* [DATASET EXCERPT]

-- Opening Marker --

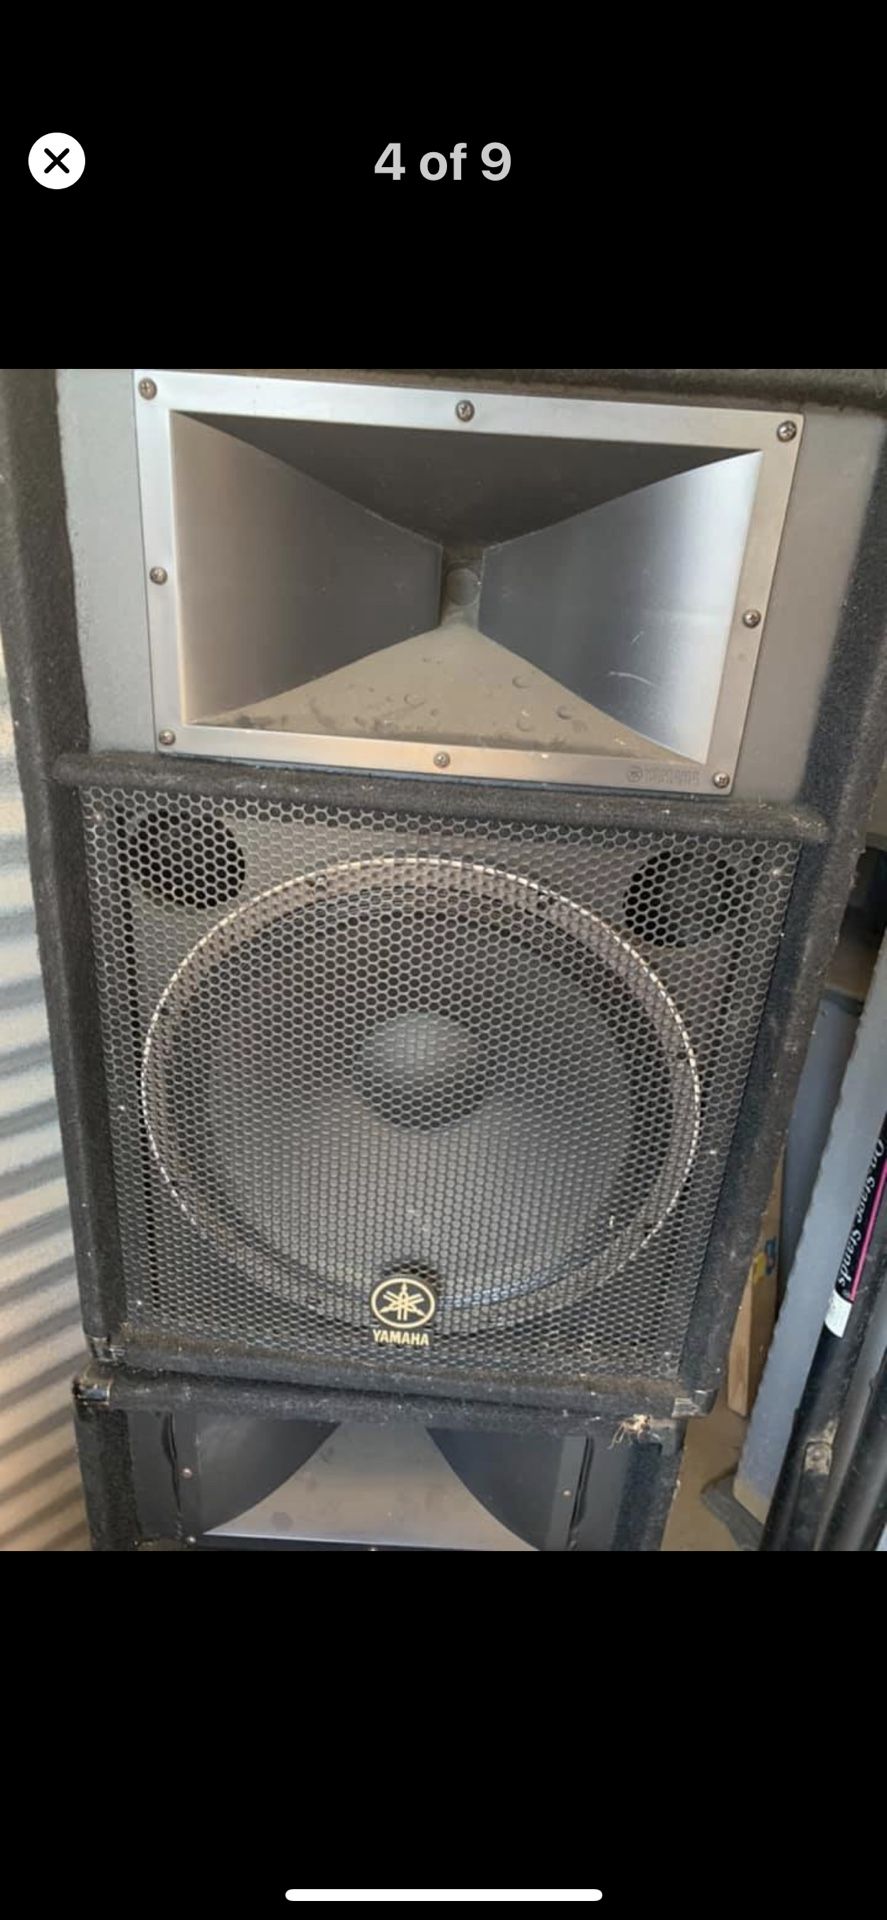 2 Yamaha speakers $350 obo cash only no trades no low ballers
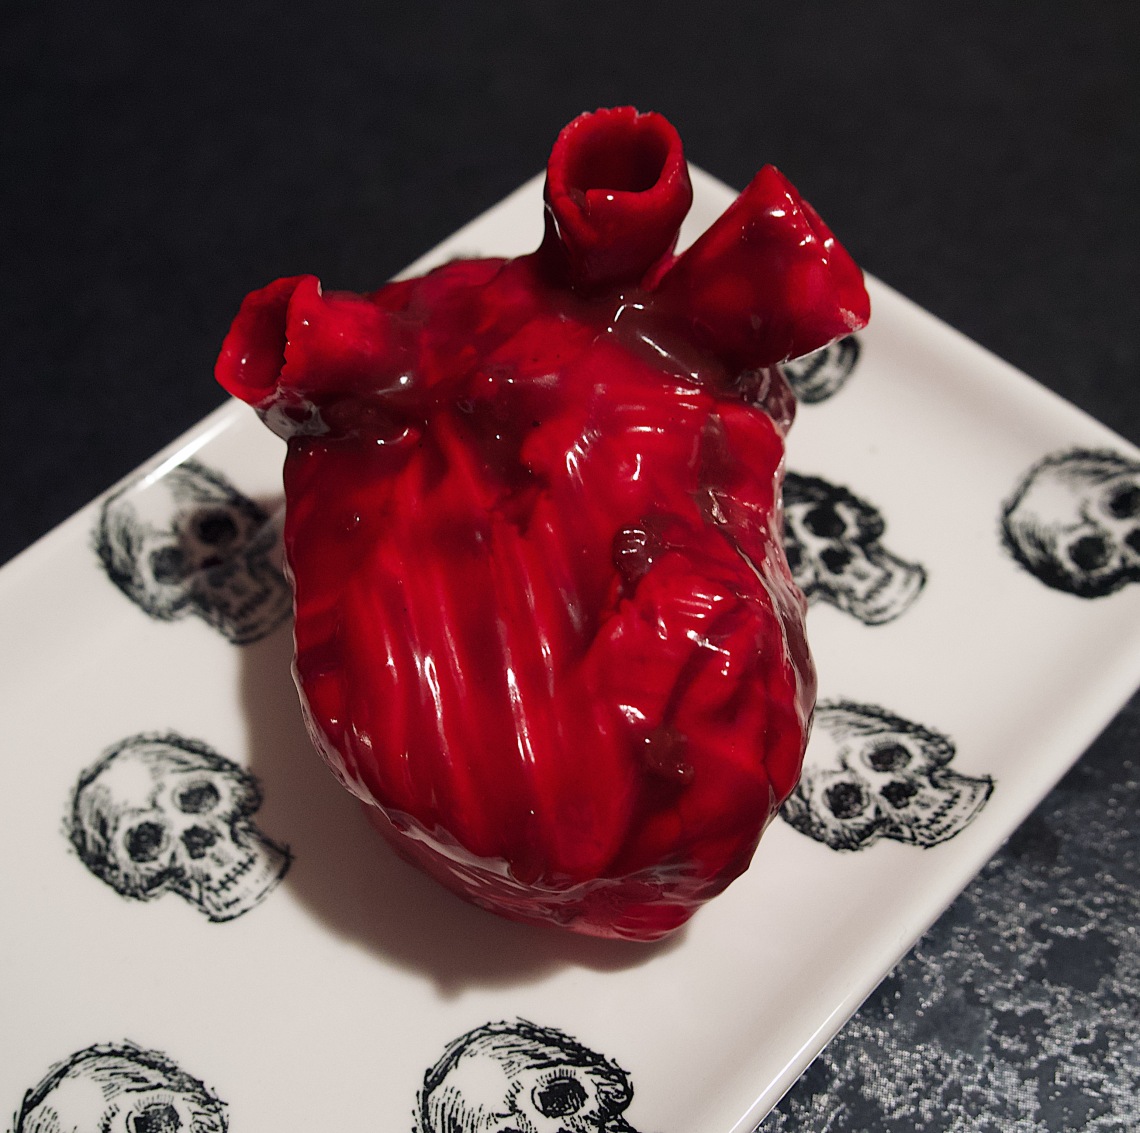 Human heart cupcakes made with fondant
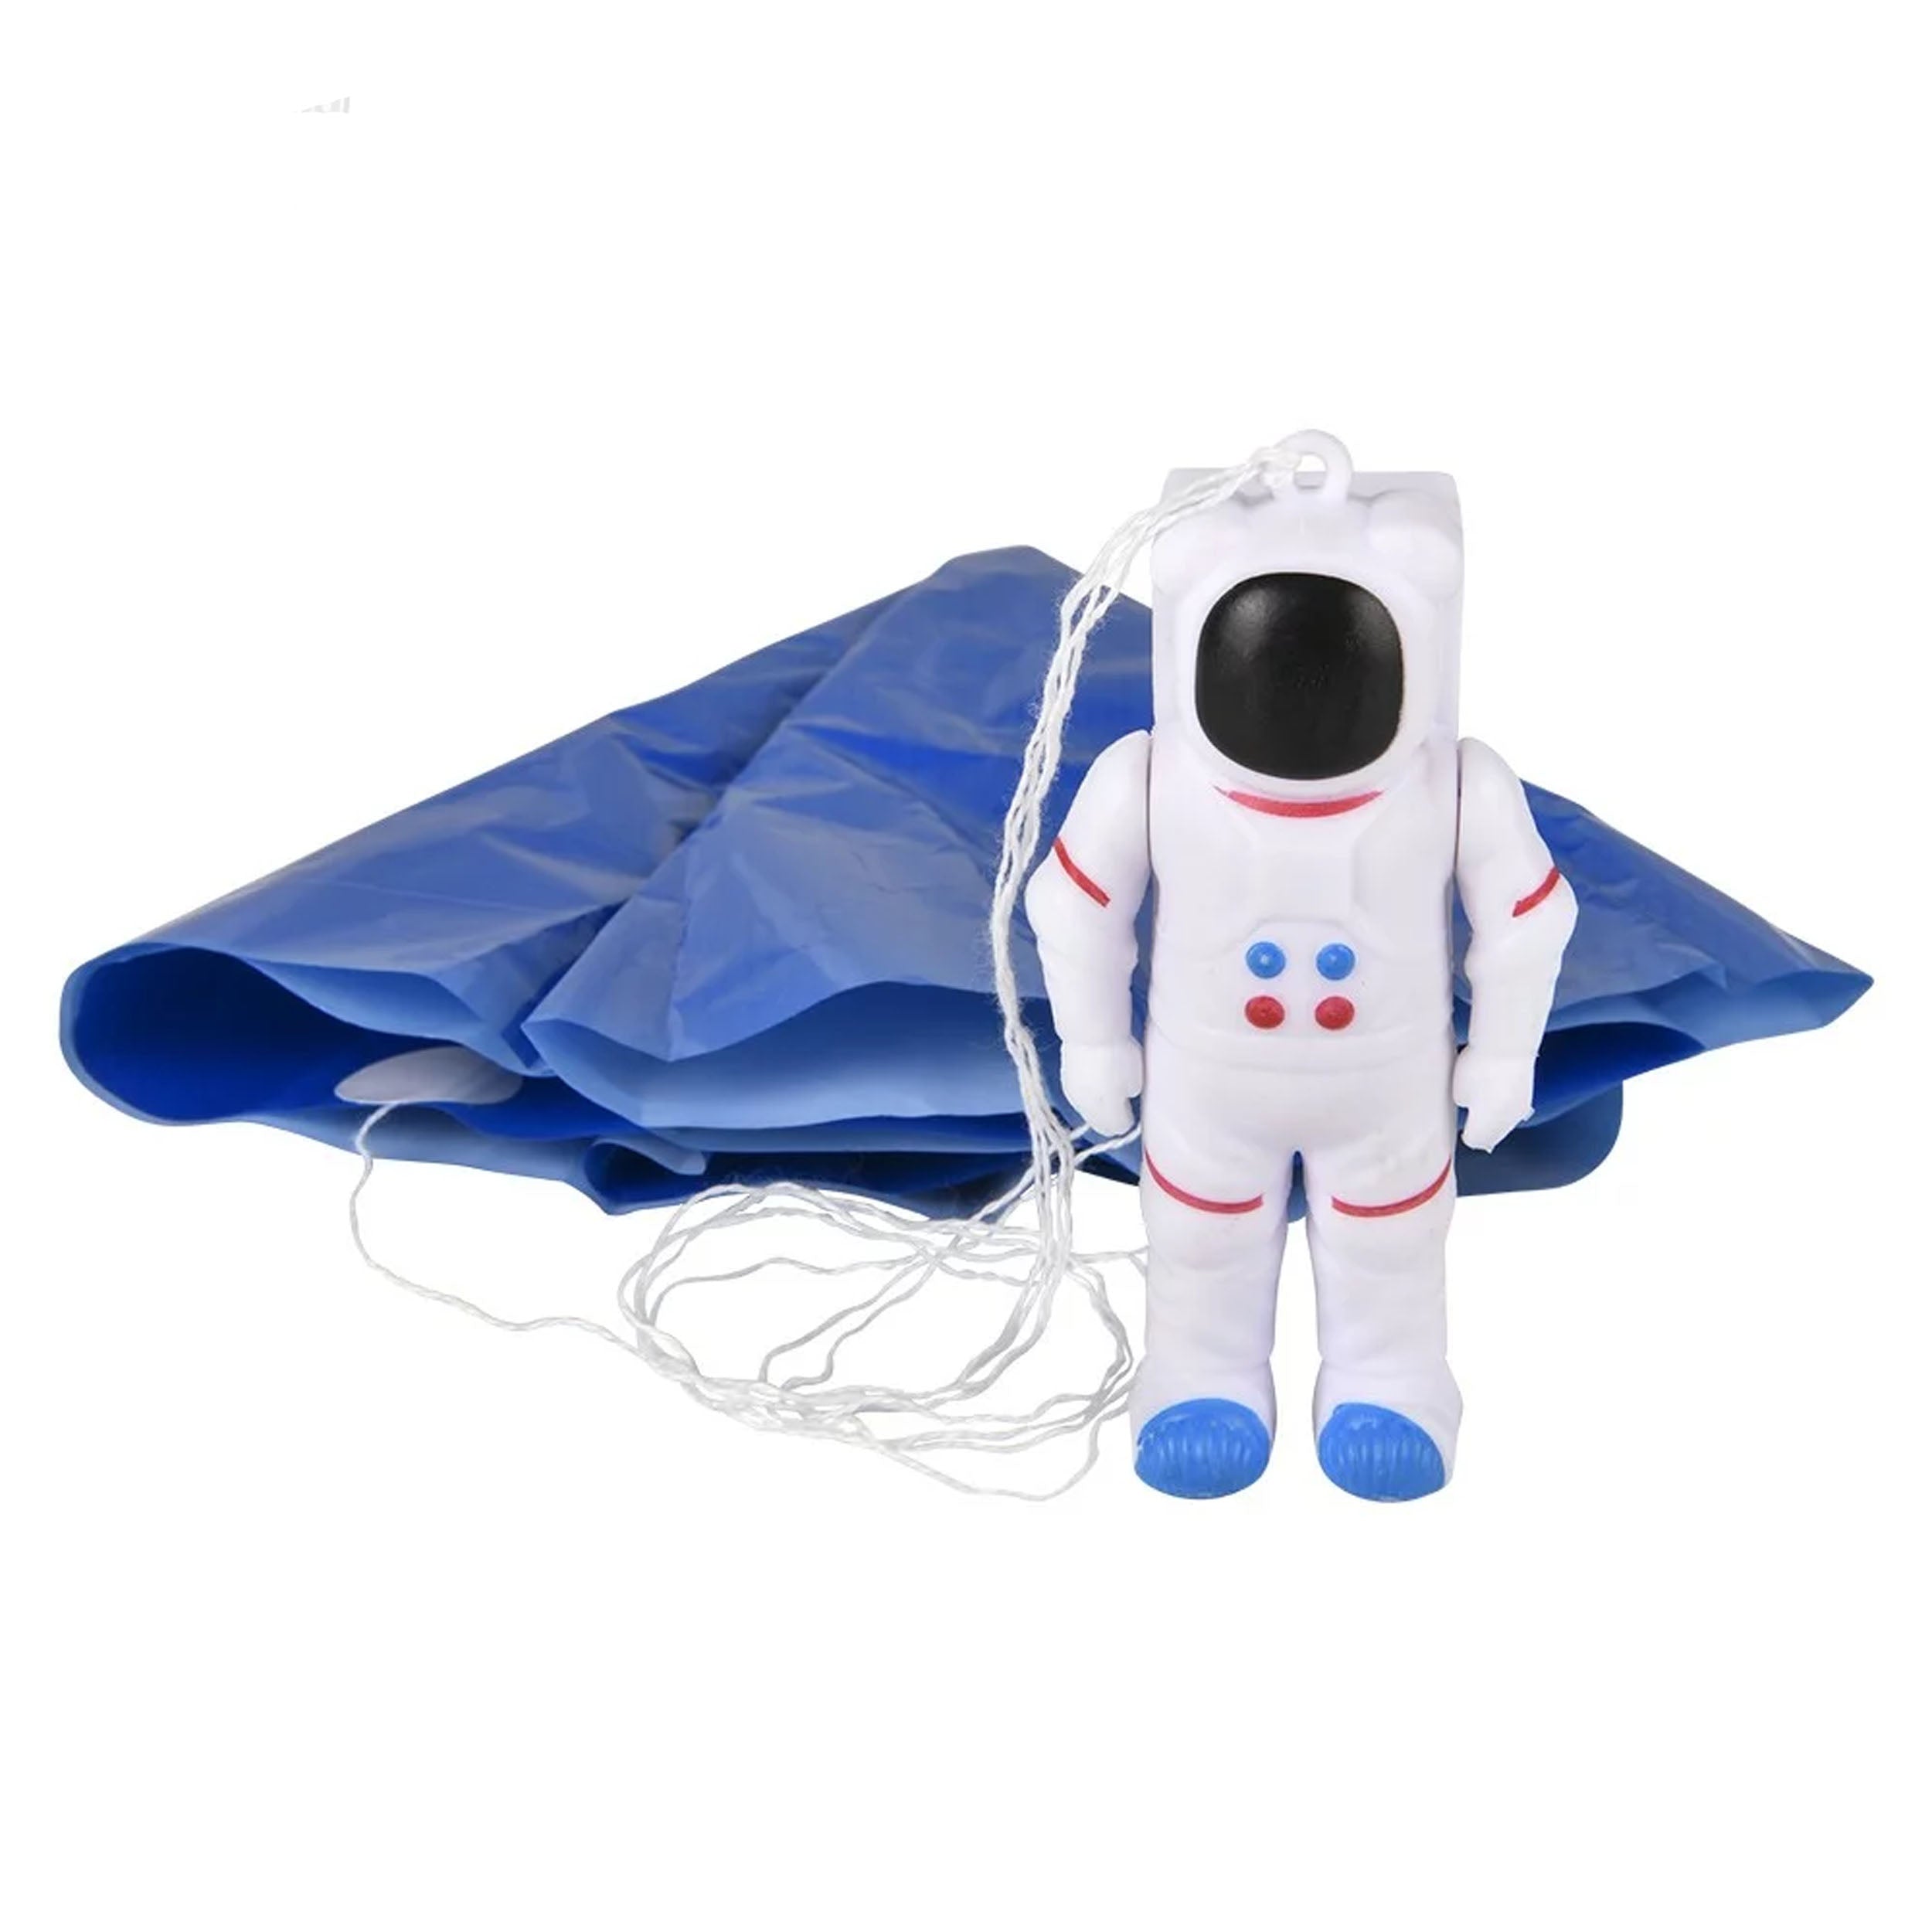 Fun and Exciting Space Adventure Paratrooper 3" Toy For Kids & Toddler- MOQ 24

-- Closing Marker --

The job is to set down the whole listing exactly, excluding any images.

* [TASK SOLUTION]
 2 Yamaha speakers $350 obo cash only no trades no low ballers
 Human heart cupcakes made with fondant
 Fun and Exciting Space Adventure Paratrooper 3" Toy For Kids & Toddler- MOQ 24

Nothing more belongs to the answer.